Cold spark machines are the secret behind the indoor pyrotechnics you see at concerts, weddings, and award shows. They launch tiny granules of titanium powder through a heating element that makes them glow brilliantly — but the sparks cool almost instantly and won't burn skin, set clothes on fire, or damage ceilings. Commercial cold spark machines cost $300-500 each. The core technology is straightforward: a heating element, a motorized feed mechanism, and titanium composite powder. Build your own for a fraction of the cost and suddenly every backyard party looks like a stadium concert.

🧰 Ingredients
  • Titanium composite powder (Ti granules) — specifically rated for cold spark machines (specialty pyro supplier, online)
  • Nichrome heating coil — 20-gauge, shaped into a small chamber (electronics supplier)
  • Small DC motor with impeller or fan blade — to launch the heated granules upward (salvaged from old appliances)
  • Steel or aluminum tube — 2-3 inch diameter, 12-18 inches tall, acts as the launch tube (hardware store)
  • Hopper/funnel — feeds granules to heating element (sheet metal or 3D printed)
  • 12V power supply — old laptop charger (junk drawer)
  • MOSFET or relay — to control heating element (electronics supplier)
  • Toggle switch — master power (electronics supplier)
  • Arduino or Pi — for DMX/remote control (optional) (electronics supplier)
  • Steel base plate — keeps the unit stable (hardware store)

🔨 Build Steps

  1. Build the heating chamber. Coil nichrome wire into a small basket or cup shape, roughly 1 inch diameter. This is where the titanium granules will momentarily contact the hot wire before being launched upward. Mount it inside the base of your steel tube.
  2. Create the feed mechanism. Mount a small funnel or hopper above the heating element. The granules need to fall by gravity onto the hot coil at a controlled rate. A small vibration motor on the hopper helps maintain consistent flow.
  3. Install the launch fan. Mount a small DC motor with an impeller blade below and angled toward the heating chamber. When the motor spins, it creates an upward air current through the tube that carries the glowing granules upward.
  4. Wire the power circuit. Connect the nichrome coil through a MOSFET to the 12V supply. The MOSFET gate connects to your control switch or Arduino. Wire the fan motor separately so you can run them independently during testing.
  5. Build the launch tube. A steel tube mounted vertically above the heating chamber directs the sparks straight up. The tube should be open at the top and have air intake holes at the bottom for the fan to draw through.
  6. Mount everything to the base plate.
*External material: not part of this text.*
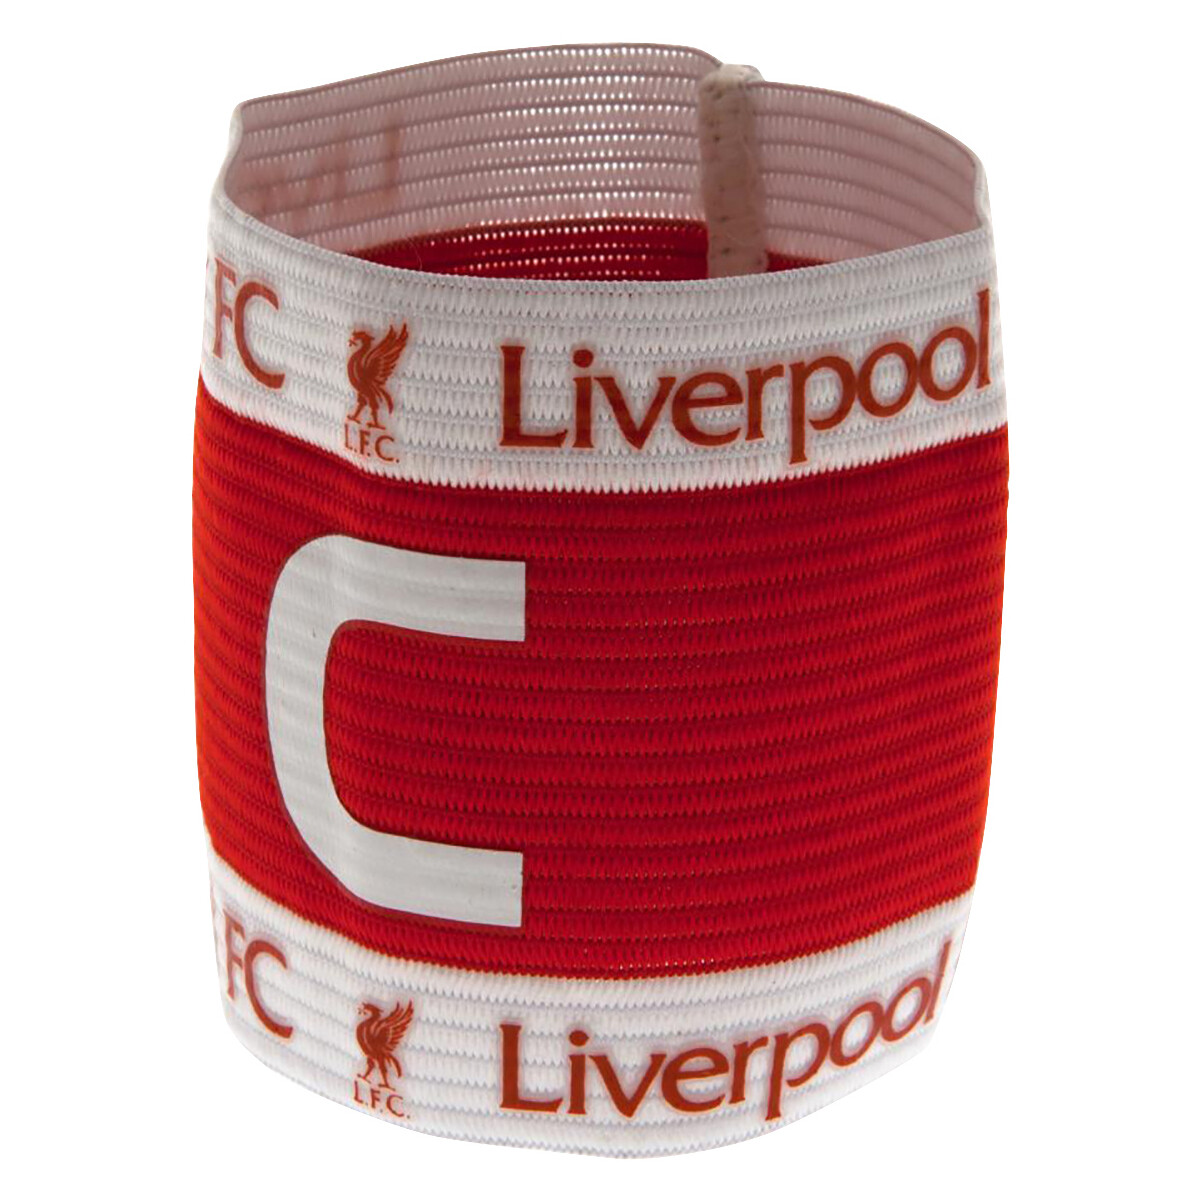 Accesorios Complemento para deporte Liverpool Fc TA582 Rojo

The unit needs to be heavy and stable at the bottom. A steel plate with rubber feet prevents tipping. The center of gravity must be well below the launch tube opening.
  7. Test with low power. Start with the fan running and the heater at reduced voltage (use a variable power supply or PWM). Drop a few granules in by hand to verify they glow and launch without sputtering or clumping.
  8. Calibrate the flow rate. Adjust the hopper feed rate and fan speed until you get a consistent fountain of sparks. Too many granules = clumping and dull sparks. Too few = sparse effect. The sweet spot produces a shower 4-8 feet tall.
  9. Add remote control. Wire the MOSFET gate to an Arduino or Pi GPIO pin. Control via button, DMX signal, or even music-reactive code that fires the machine on beat drops.

⚠️ Safety Notes

  • Use ONLY titanium composite powder rated for cold spark machines. Other metal powders (aluminum, magnesium, iron) burn much hotter and are genuinely dangerous. Titanium cold spark granules are engineered to cool rapidly.
  • Even though the sparks are "cold," the heating element itself is extremely hot. Never reach into the machine while it's powered on. Always use the master kill switch before any adjustments.
  • Operate in well-ventilated areas. While the sparks themselves are cool, the heating element can produce fumes. Not suitable for small enclosed rooms without ventilation.